▶ _Data section_
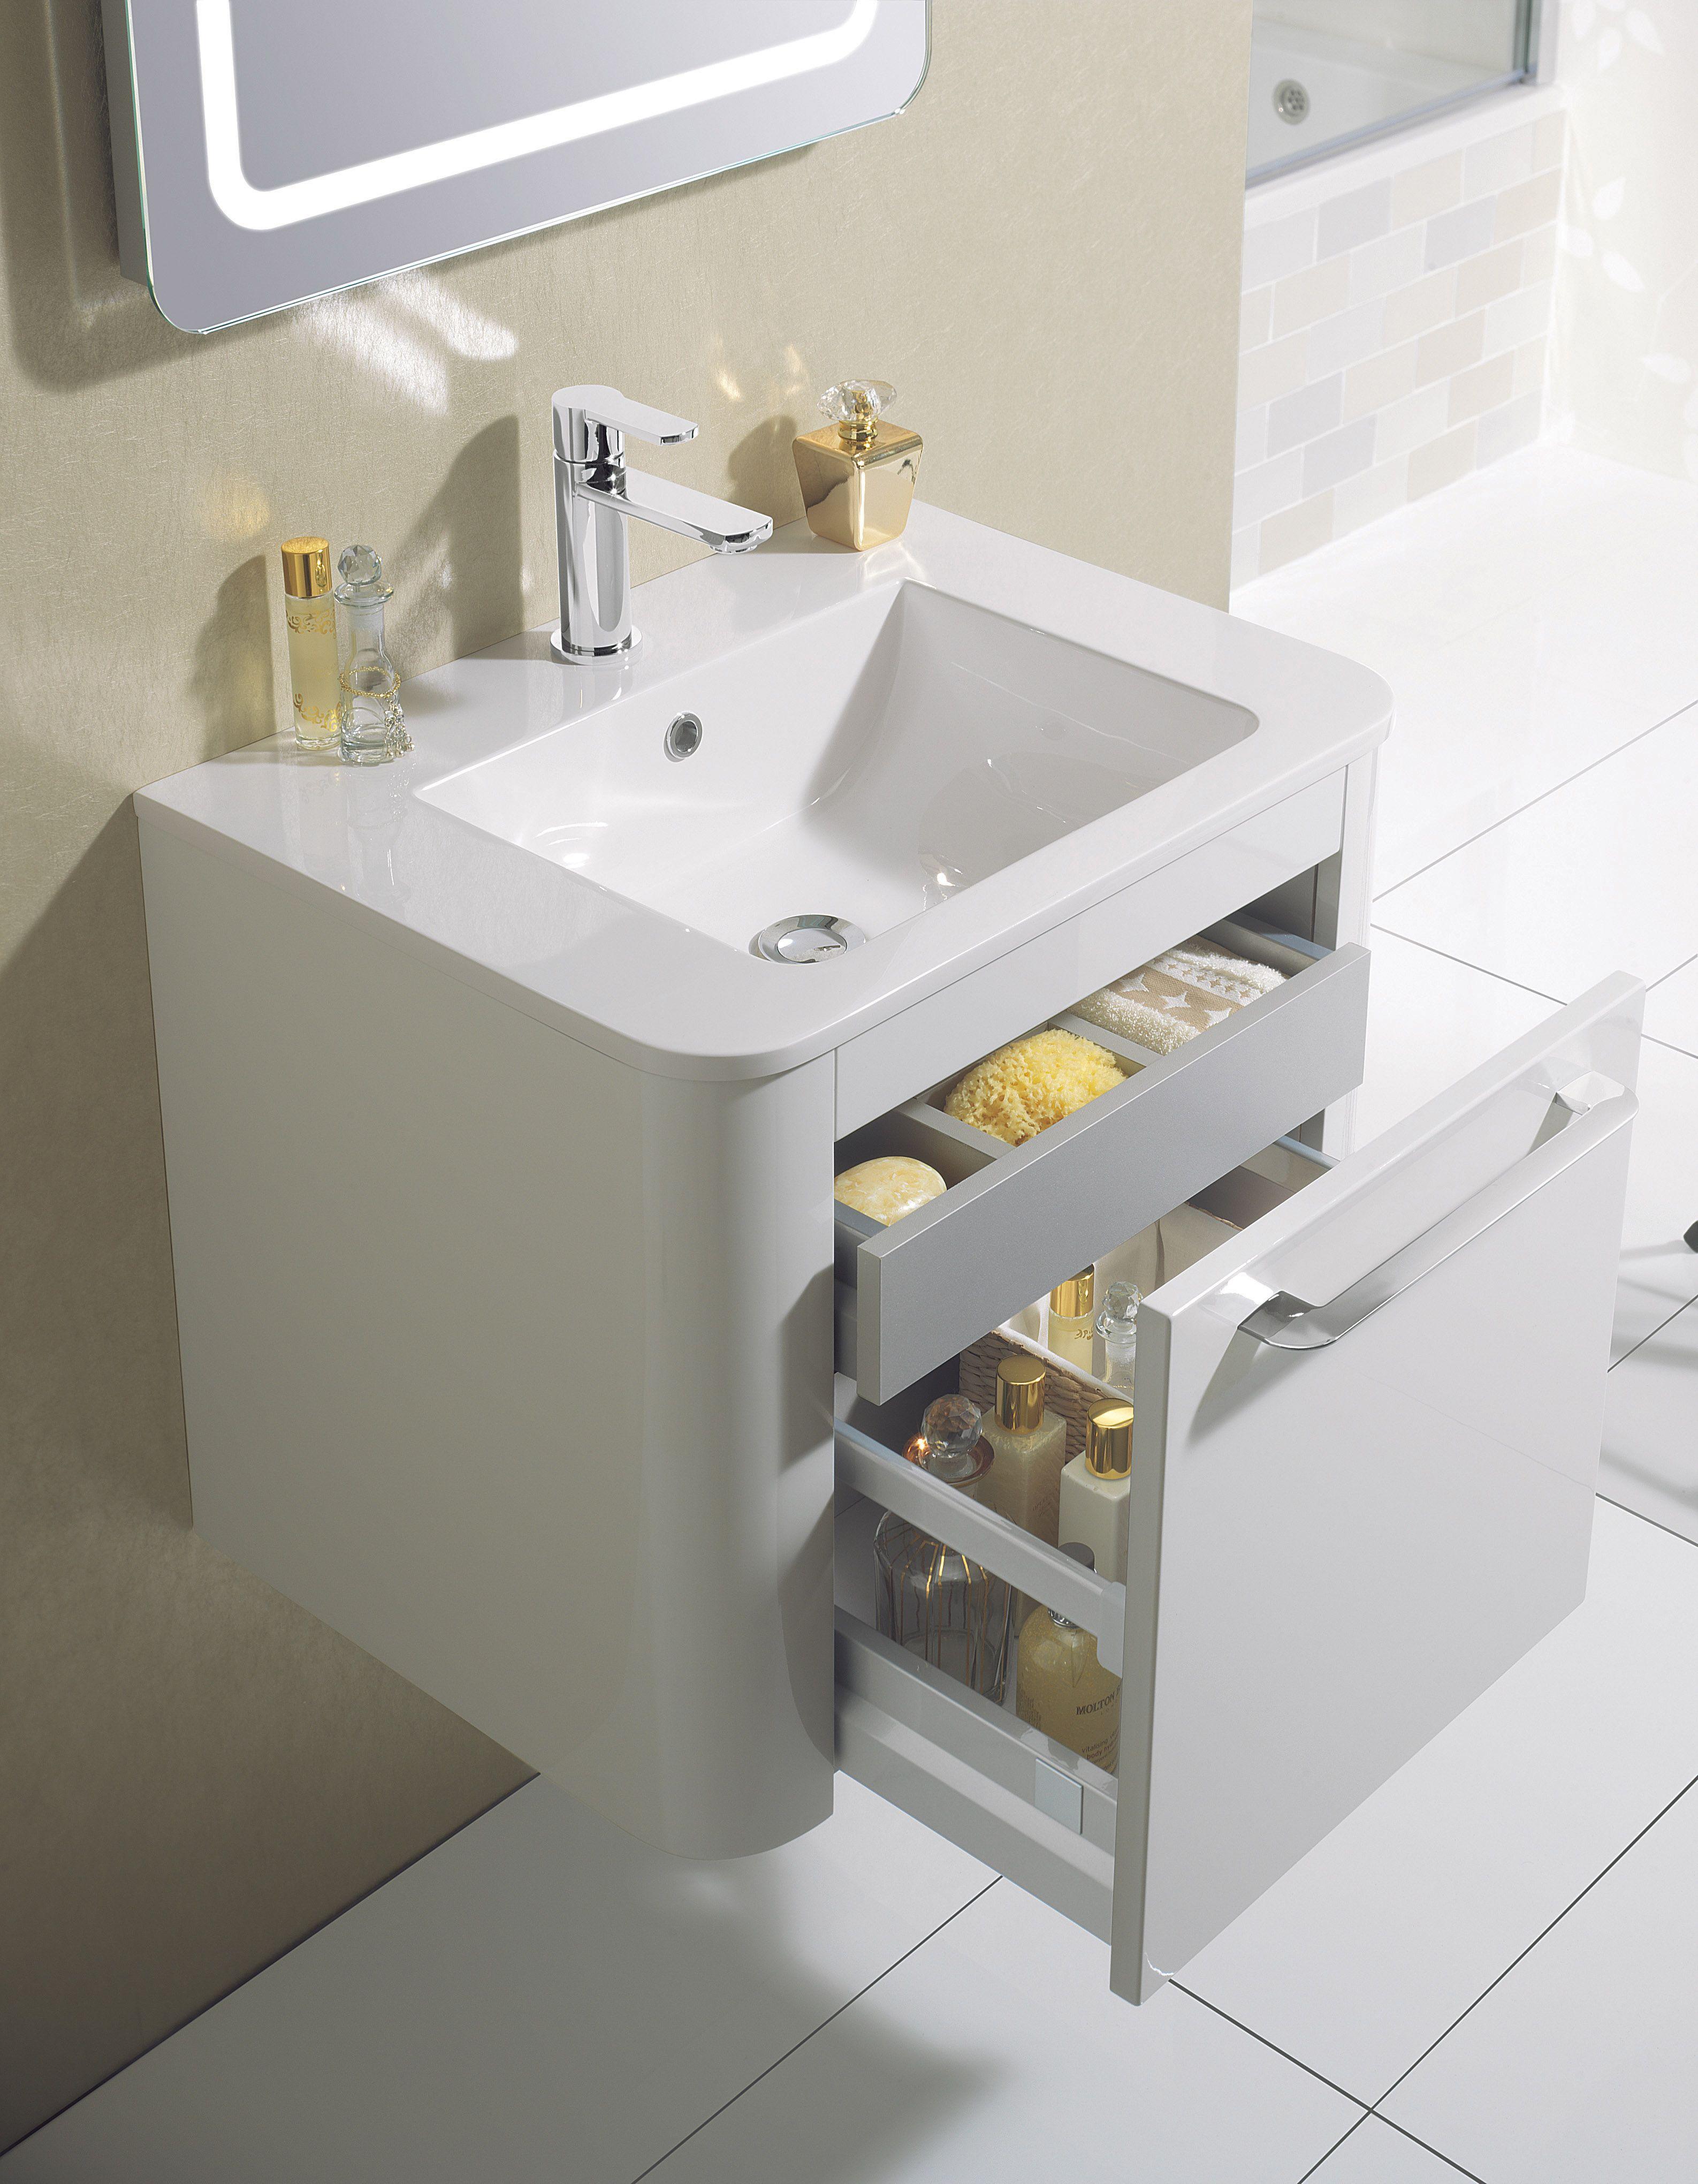 White gloss bathroom furniture - Celeste White Gloss Bathroom Furniture Unit Basin From Crosswater Http Www
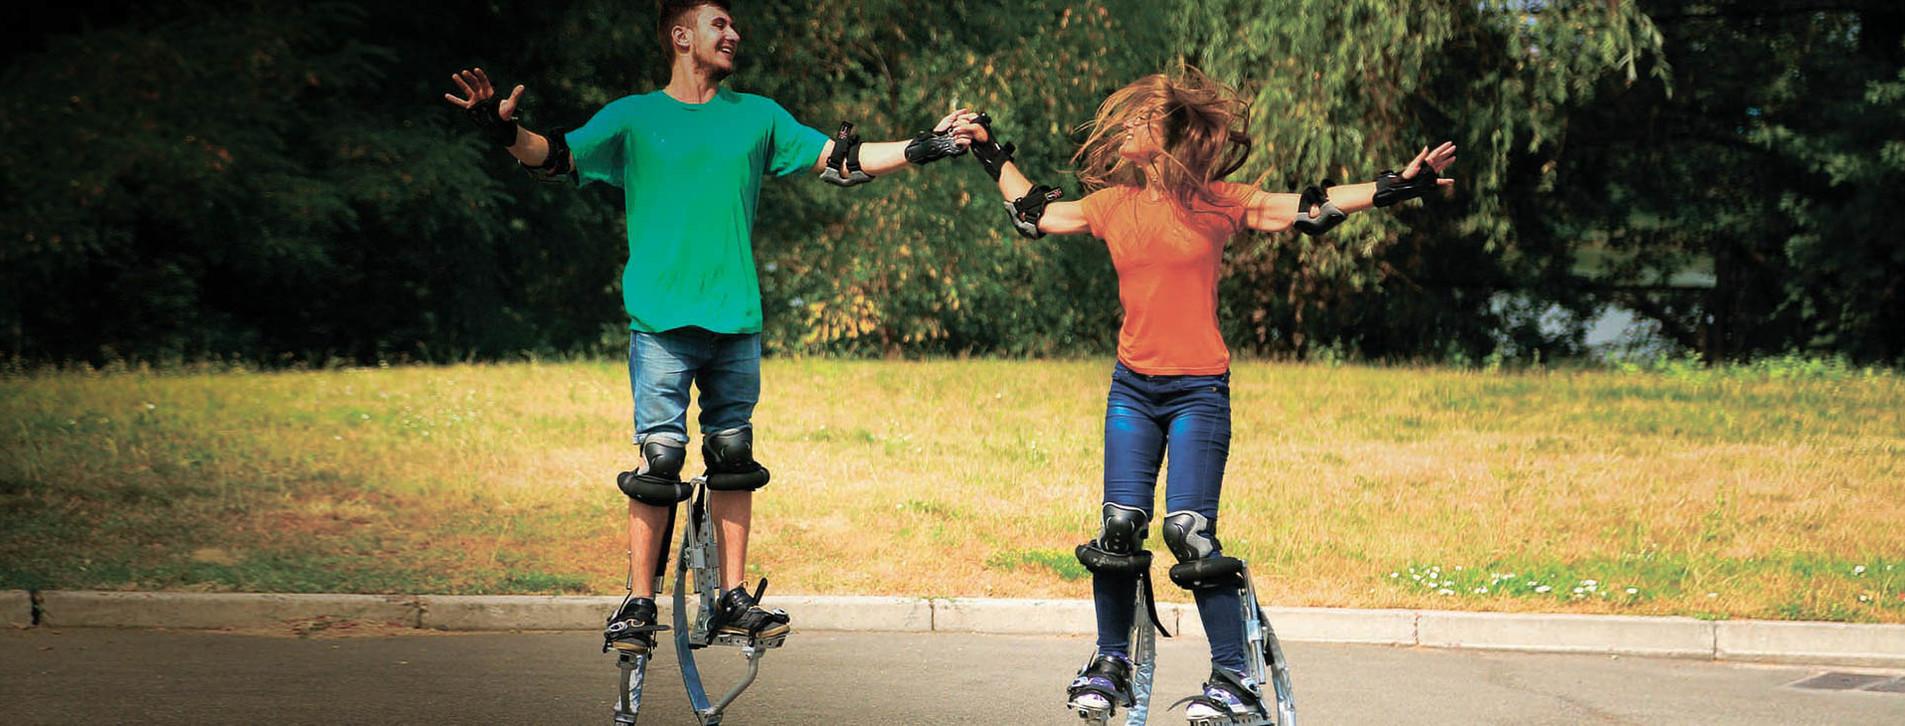 Фото - Прыжки на джамперах для двоих
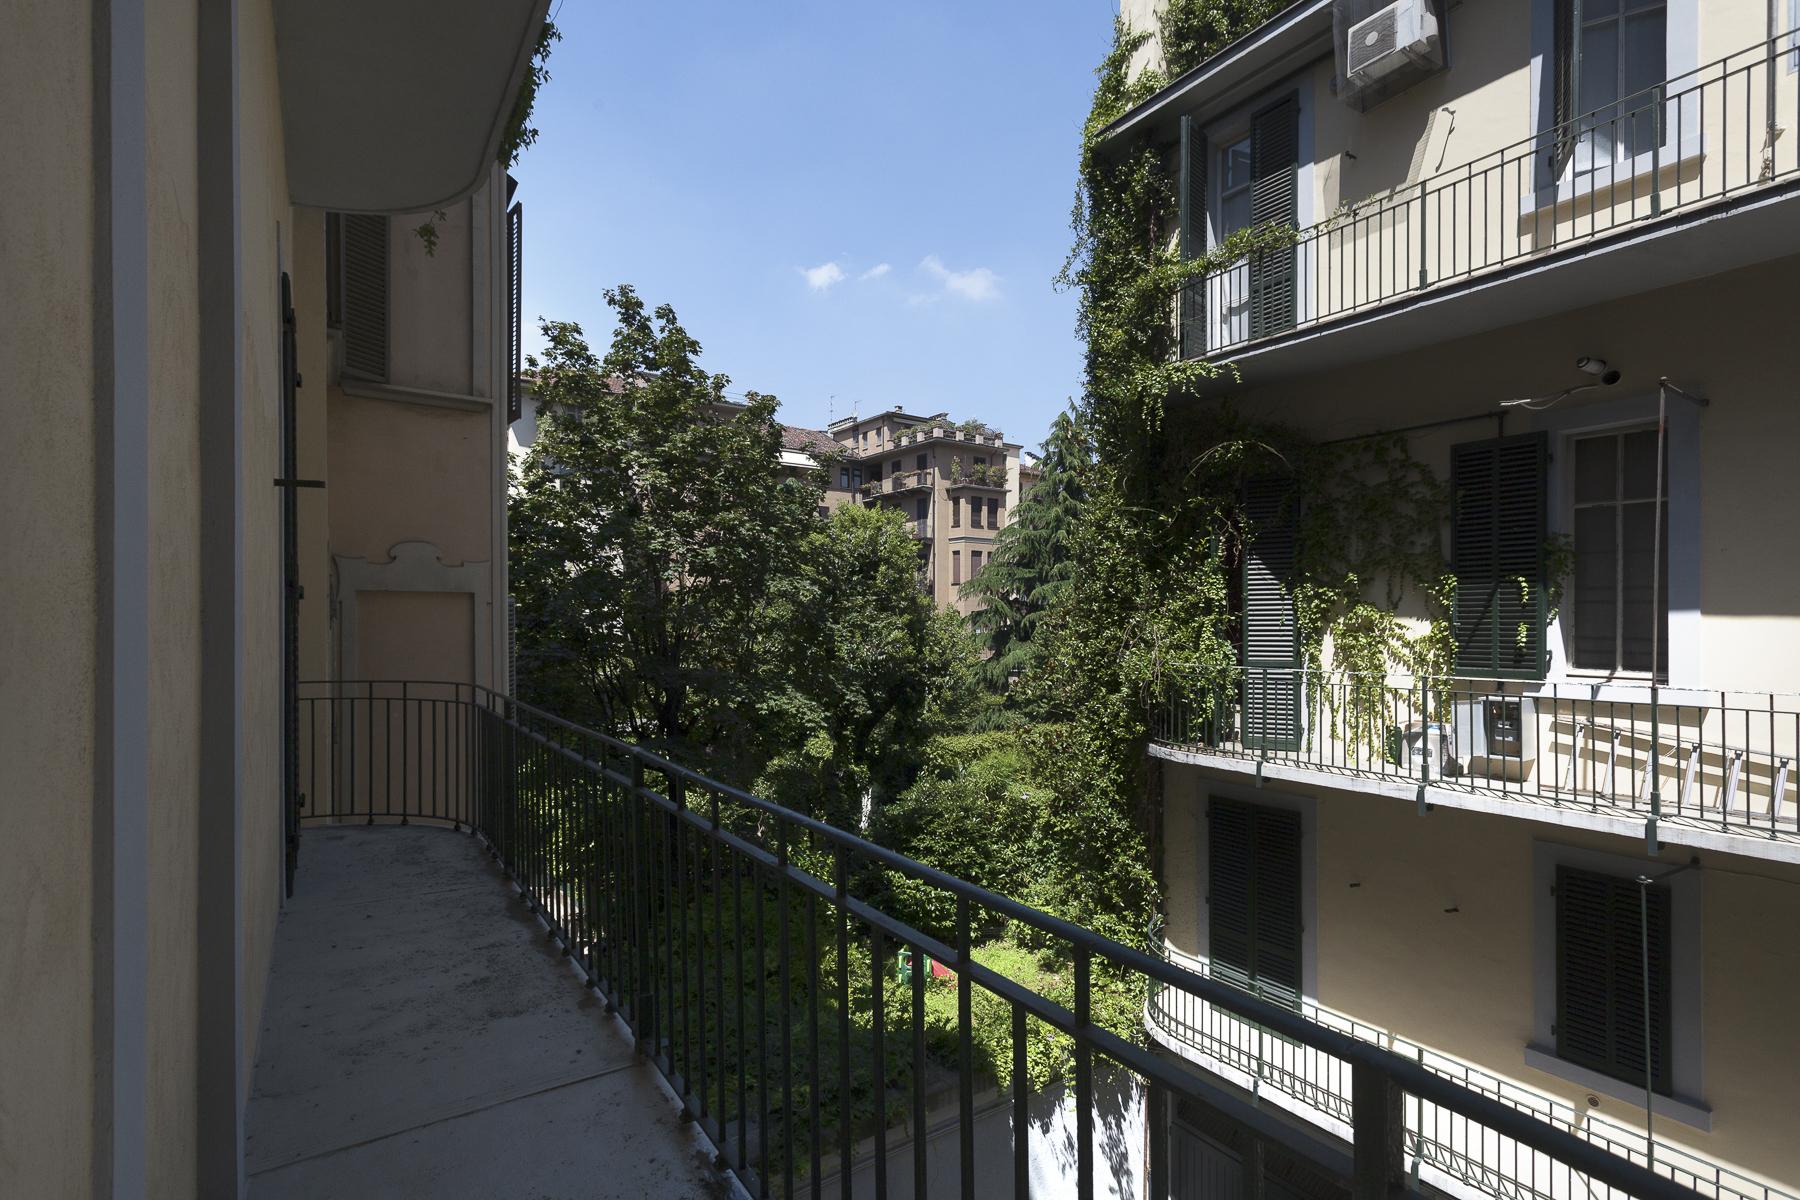 Additional photo for property listing at Ufficio di rappresentanza nel cuore del quartiere Crocetta Corso Re Umberto Torino, Torino 10128 Italia

▶ _Exercise_
With the images omitted, return the full material exactly.

▶ _The completed task_
 White gloss bathroom furniture - Celeste White Gloss Bathroom Furniture Unit Basin From Crosswater Http Www
 Фото - Прыжки на джамперах для двоих
 Additional photo for property listing at Ufficio di rappresentanza nel cuore del quartiere Crocetta Corso Re Umberto Torino, Torino 10128 Italia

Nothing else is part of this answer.